After that, I don't see any of all the experiments I have done until now. I thought that the services' containers had all the data mapped into the host filesystem (c:\opt\trains in my case).

How can I recover my experiments' data?

The text was updated successfully, but these errors were encountered:

bmartinn · 2020-04-01T21:22:17Z

Hi @pedropalb,

The services' containers indeed have their data folders mapped to the host file system... This might have something to do with an issue during the Elasticsearch container initialization - can you please share the container's log? You can get the log using the following command:

$ docker logs trains-elastic

pedropalb · 2020-04-01T21:50:53Z

It seems to be a problem with the free disk space. But I believe that 23.2 GB (the current free space in my disk) would be enough. The used space in c:\opt\trains is only 250 MB. The available space for docker disk image is 16 GB (from which only 3.1 GB). It follows the logs file:

trains-elastic-logs.txt

bmartinn · 2020-04-01T22:24:39Z

Hi @pedropalb,

By default, the high watermark is 90% (see here), so the question is not how much free space you have on your disk, but what is the percentage of used space - try clearing up some space to see if it helps.

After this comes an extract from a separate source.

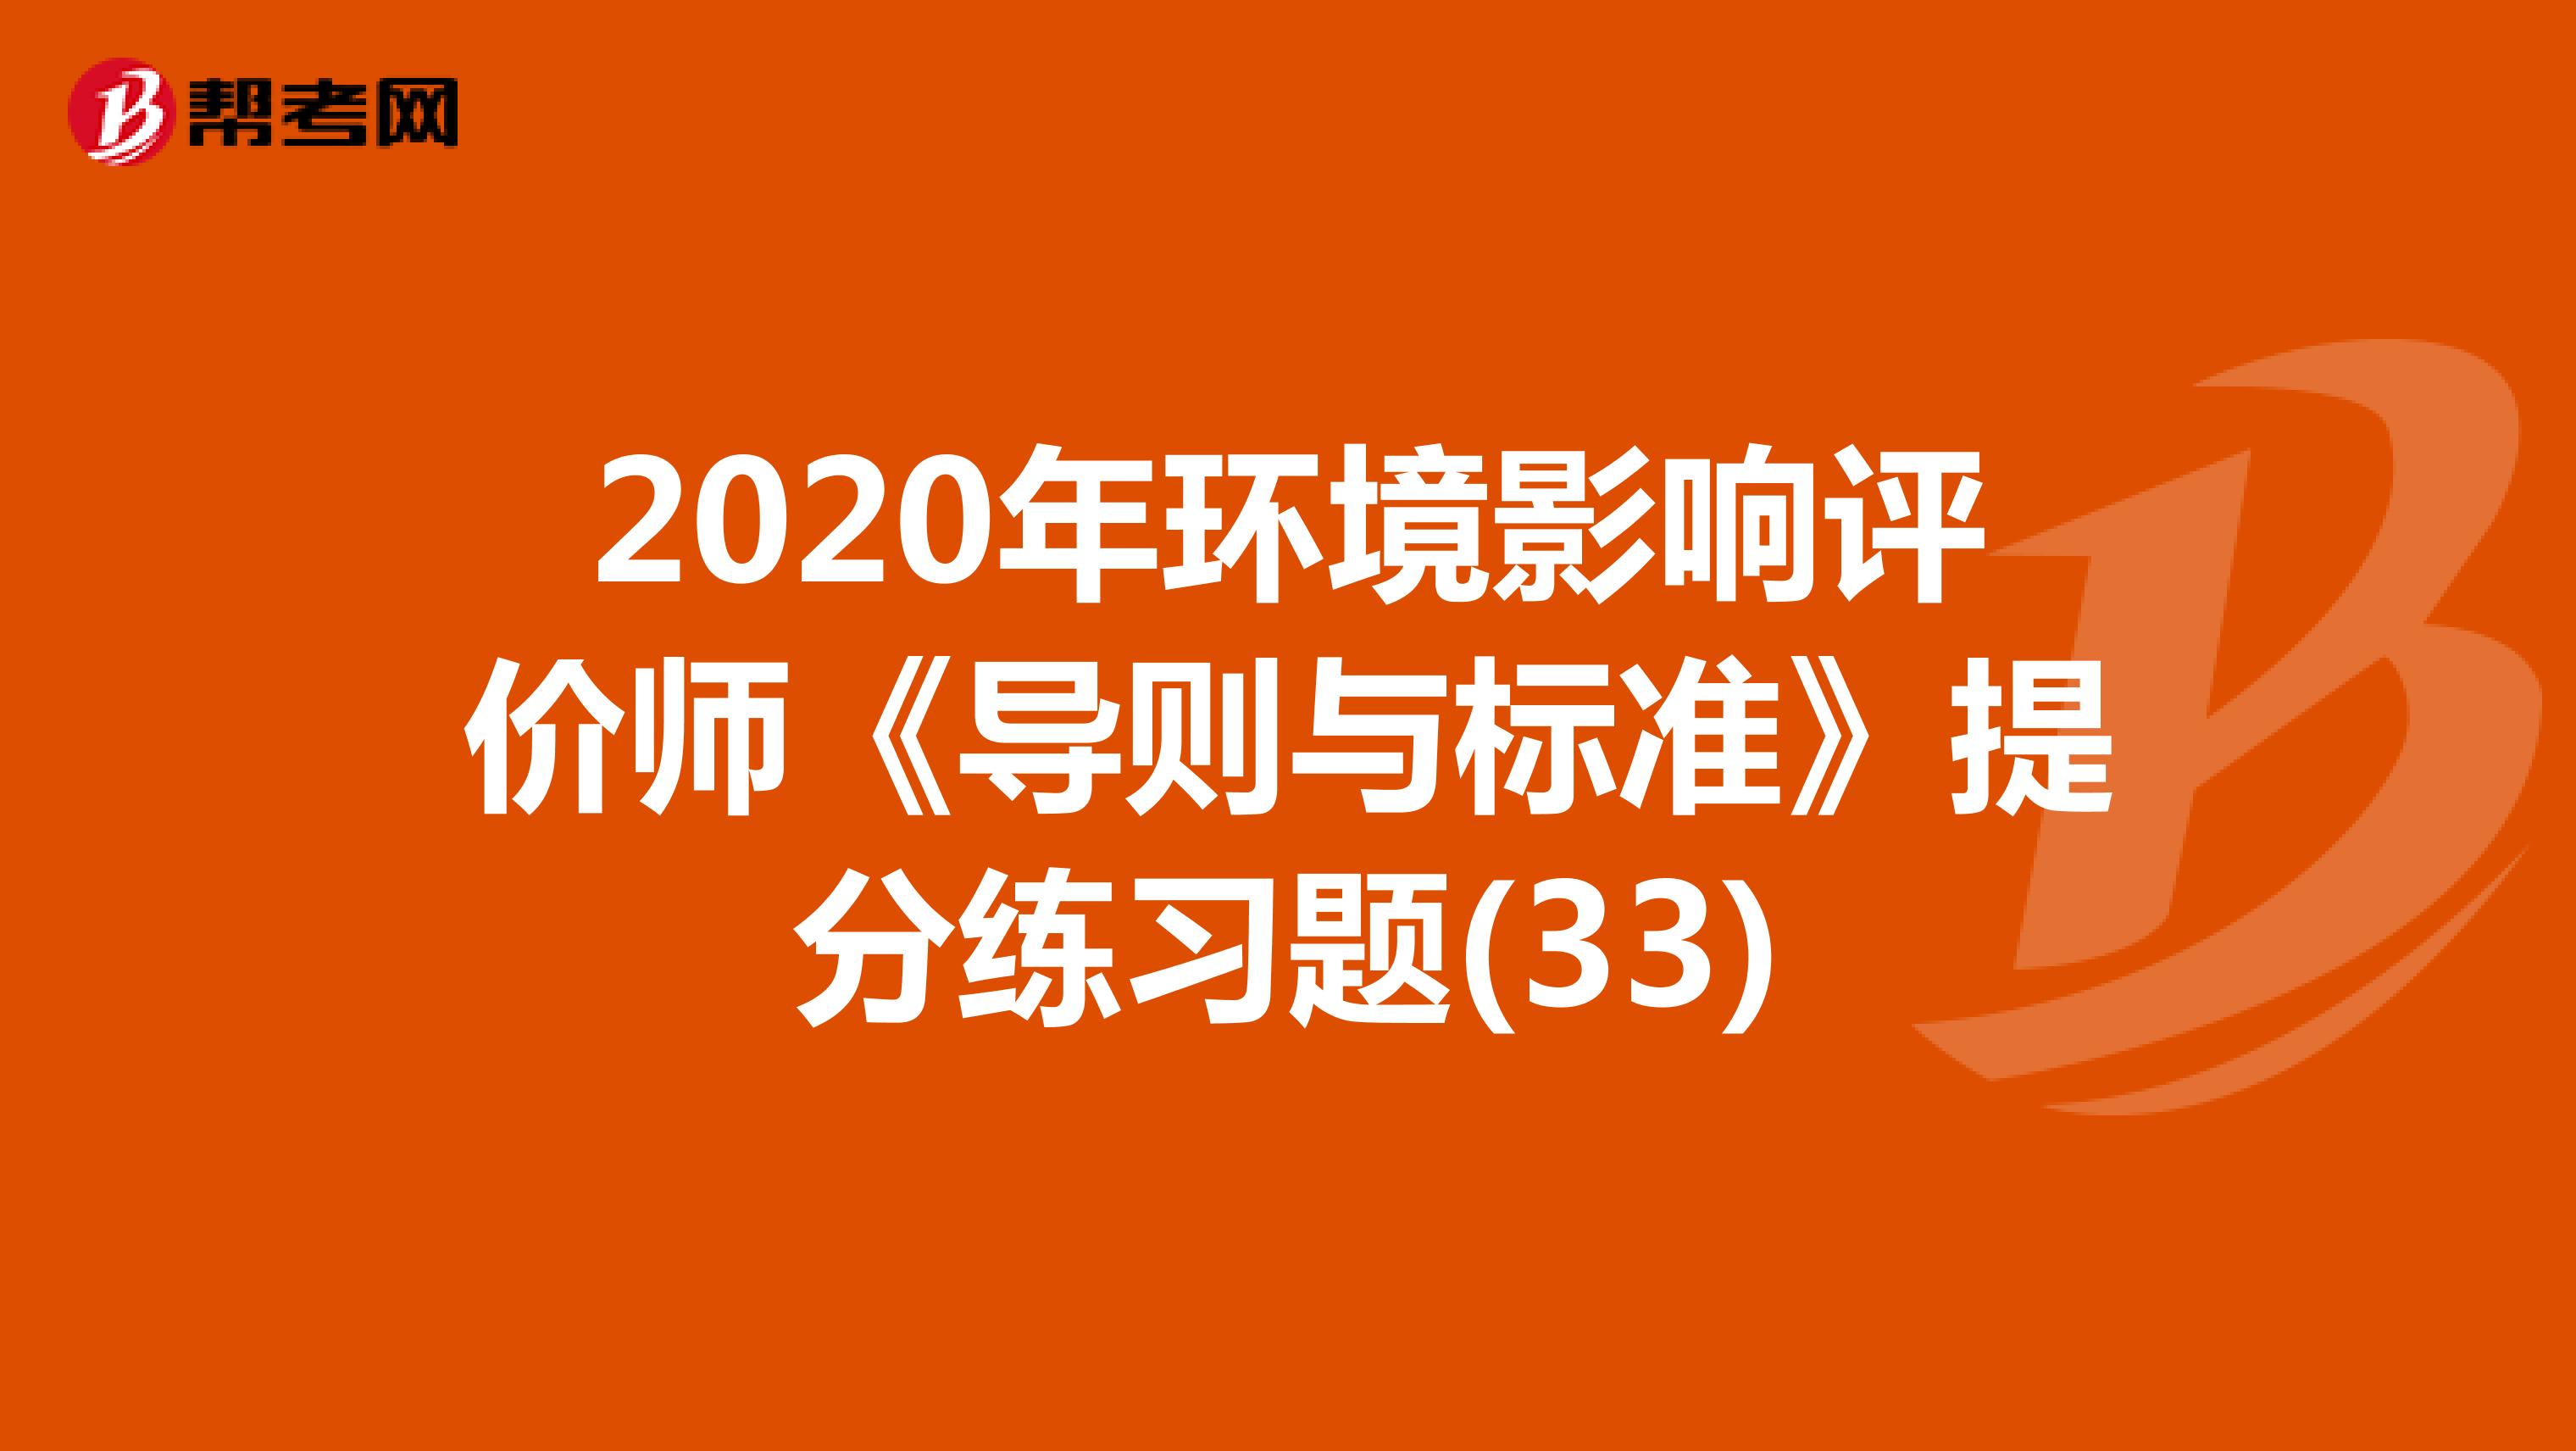 2020年环境影响评价师《导则与标准》提分练习题(33)

Alternatively, you can also configure the elasticsearch container using a different watermark by setting the value to a different percentage or a hard-coded number of bytes - simply edit your docker compose file and add a new line under the services / elasticsearch / environment section:

services:
  ...
  elasticsearch:
    ...
    environment:
      ...
      cluster.routing.allocation.disk.watermark.high: "15gb"

In the following example, elasticsearch will hit the high watermark only when you have less than 15 gigabytes free on your disk.

Please let me know if that works for you :)

pedropalb · 2020-04-01T23:46:55Z

Oh I see! I managed to free some space and it seems to have fixed the elastic search issue. But still, all my data has gone after the docker-compose down and up.

Every time we restart the server we have to create a new user and credentials? Can't I recover my data anymore?

trains-elastic-logs.txt

bmartinn · 2020-04-02T04:57:23Z

Hi @pedropalb,

Every time we restart the server we have to create a new user and credentials? Can't I recover my data anymore?

The user and credentials are stored in the configuration files, not in the Elasticsearch data - did you lose those as well?

Regarding Elasticsearch, the data should still be there - can you find and send the directory contents of the nodes folder inside the Elasticsearch data folder? It should be located in c:/opt/trains/data/elastic/nodes or thereabouts.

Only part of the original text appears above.